Can one design and build a synthetic clock inside a cell?¶
What kind of biological circuit is sufficient to generate periodic oscillations of a protein concentration in a single cell? Designing and building a clock “from scratch” is a synthetic biology approach that helps us identify the fundamental design principles underlying clock design, and address questions such as:
How “hard” is it to build a biological clock?
How precise can a biological clock be?
What minimum circuit designs are sufficient to generate self-sustaining oscillations?
What tradeoffs exist between alternative clock circuit designs?
In addition, synthetic clocks provide modules for engineering more complex cellular behaviors. In the next chapter we will explore some applications of synthetic clocks.

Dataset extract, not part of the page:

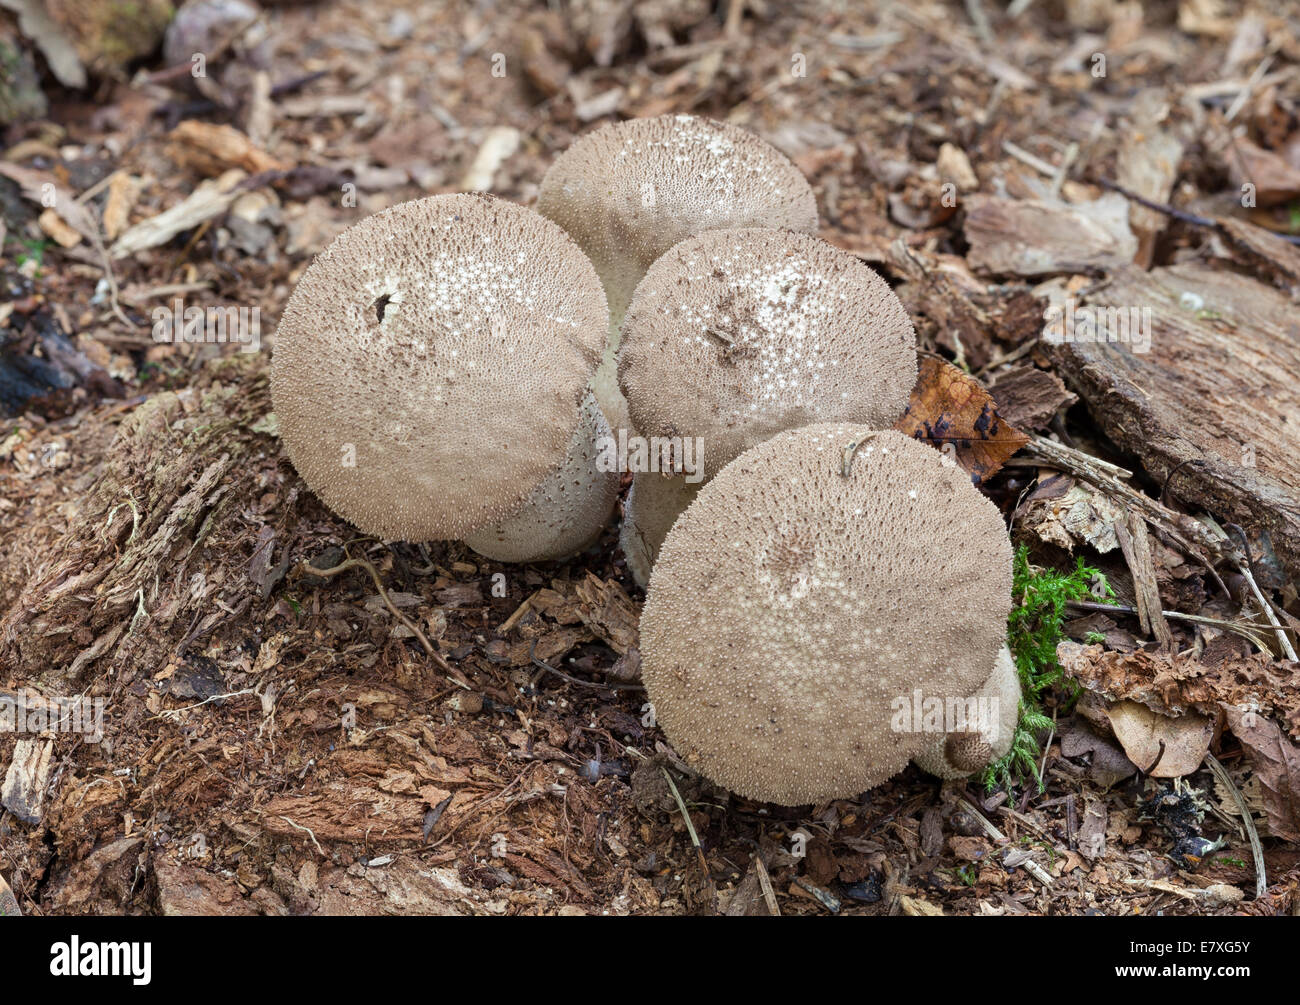 Common puffball mushrooms Stock Photo

Limit cycles are ideal dynamical behaviors for clocks¶
Previously in this course, we have discussed only one kind of “attractor”—the stable fixed point. When a system sits at a stable fixed point, it does not change over time. (Actually, while true for a continuous system, biological systems are made of discrete molecules whose dynamics are subject to stochastic fluctuations, or noise, and therefore they do not really remain precisely at a single state. We will learn more about noise soon.) By contrast, in a functioning clock circuit, the state of the system constantly changes in a periodic fashion, progressing through a cyclic sequence of “phases” that returns it to its starting point without external input.
For an ideal clock, perturbations that we might expect to occur in a cell, such as fluctuations in environmental conditions or intracellular components, should cause minimal perturbations to the clock dynamics, which should ultimately return to the same cycle rather than damp out. Such an ideal system “has to” oscillate, and cannot simply relax to a stable state.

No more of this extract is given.